Le médecin est revenu me voir après les radiographies. Elle avait une fracture du crâne. Petite, mais présente. Pas de signe de commotion. Aucun moyen de savoir si elle garderait des séquelles et rien à faire pour la guérison. Je l’écoutais parler sans réagir. Je n’avais versé aucune larme depuis que j’étais arrivée. J’étais dans un autre monde. En mode survie, complètement déconnectée.

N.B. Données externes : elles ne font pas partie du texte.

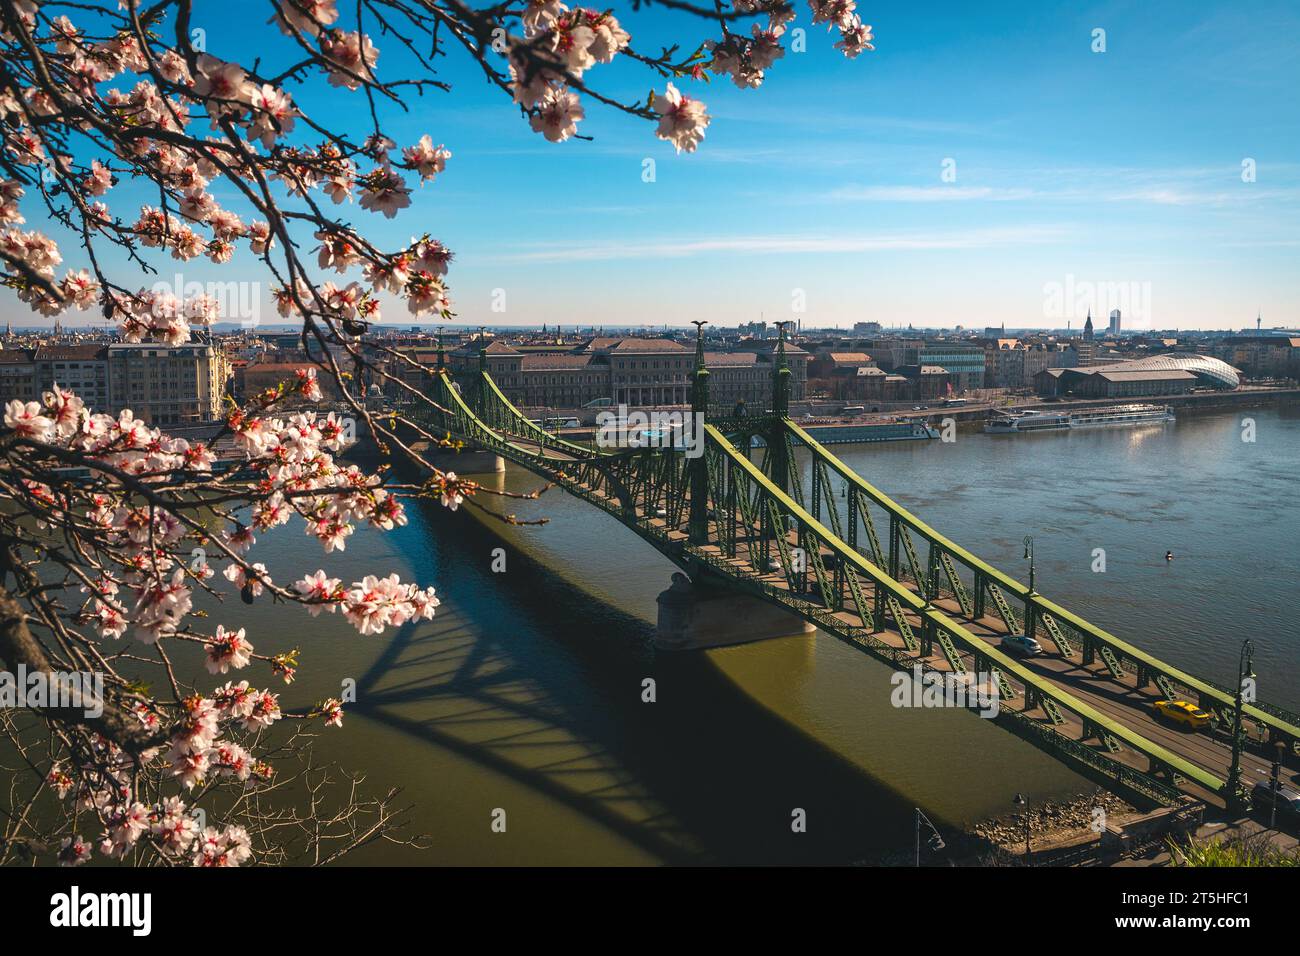 Panorama incroyable avec des branches fleuries de printemps fraîches et célèbre pont de la liberté sur le Danube, Budapest, Hongrie, Europe Banque D'Images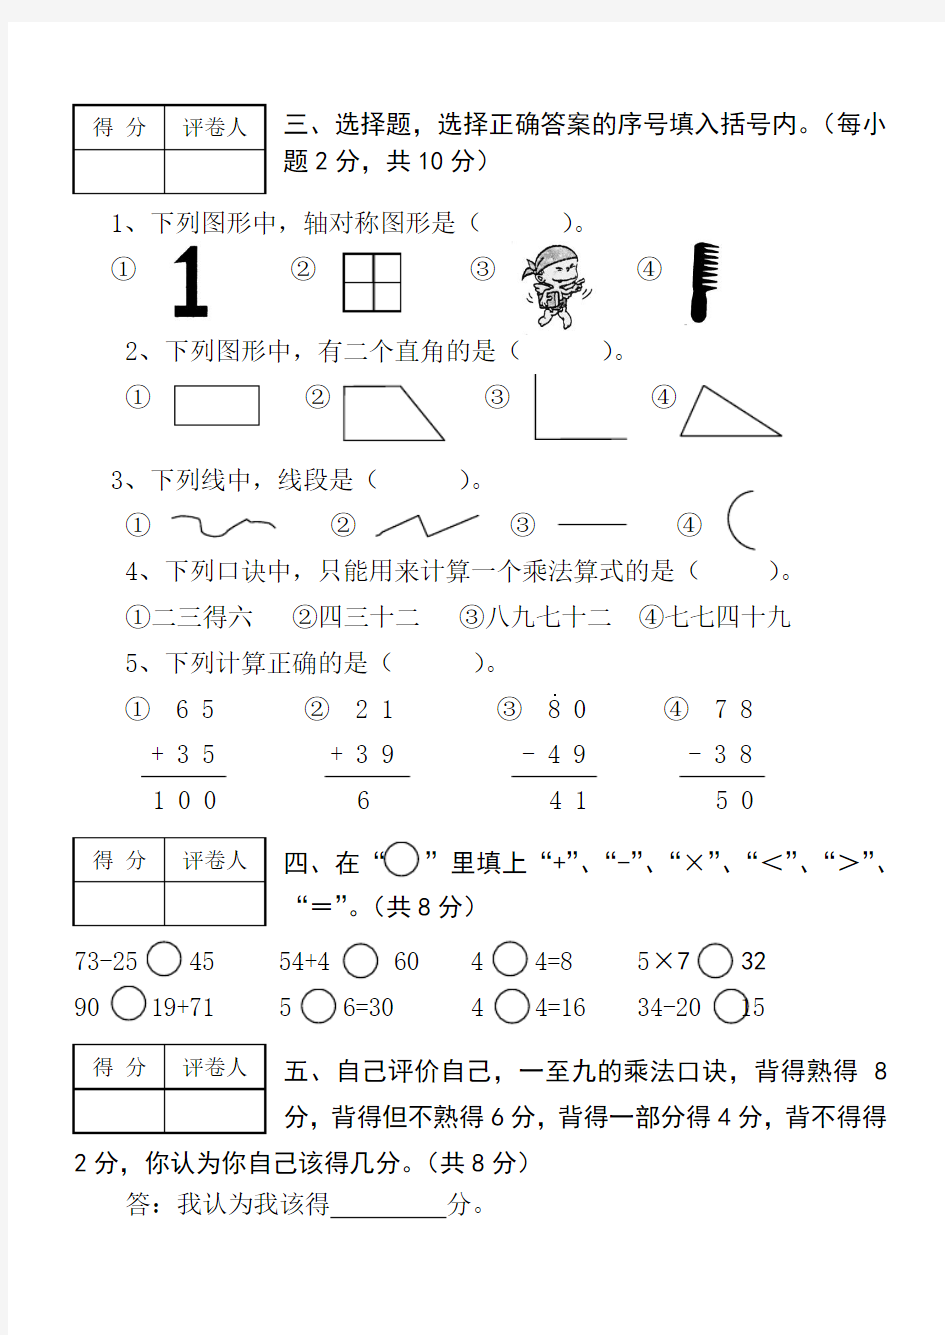 【最新】小学二年级数学试卷(附图)

Une résidente et une infirmière sont venues plus tard pour me poser les mêmes questions. Je savais que je n’avais rien à me reprocher, outre le fait d’avoir mal fermé la barrière. Mais j’avais la peur au ventre. Il était évident que j’avais menti à la dernière question. Est-ce qu’ils allaient interpréter mon manque de réaction apparente comme un signe? Je m’attendais d’un instant à l’autre à voir débarquer les services sociaux pour m’enlever mon bébé.

Même en sachant que ce protocole est nécessaire et a permis de sauver beaucoup d’enfants, c’est très intimidant. Je me souviendrai toujours de l’angoisse qui m’a habitée cette nuit-là.

Avez-vous aussi vécu une situation semblable? Comment avez-vous réagi?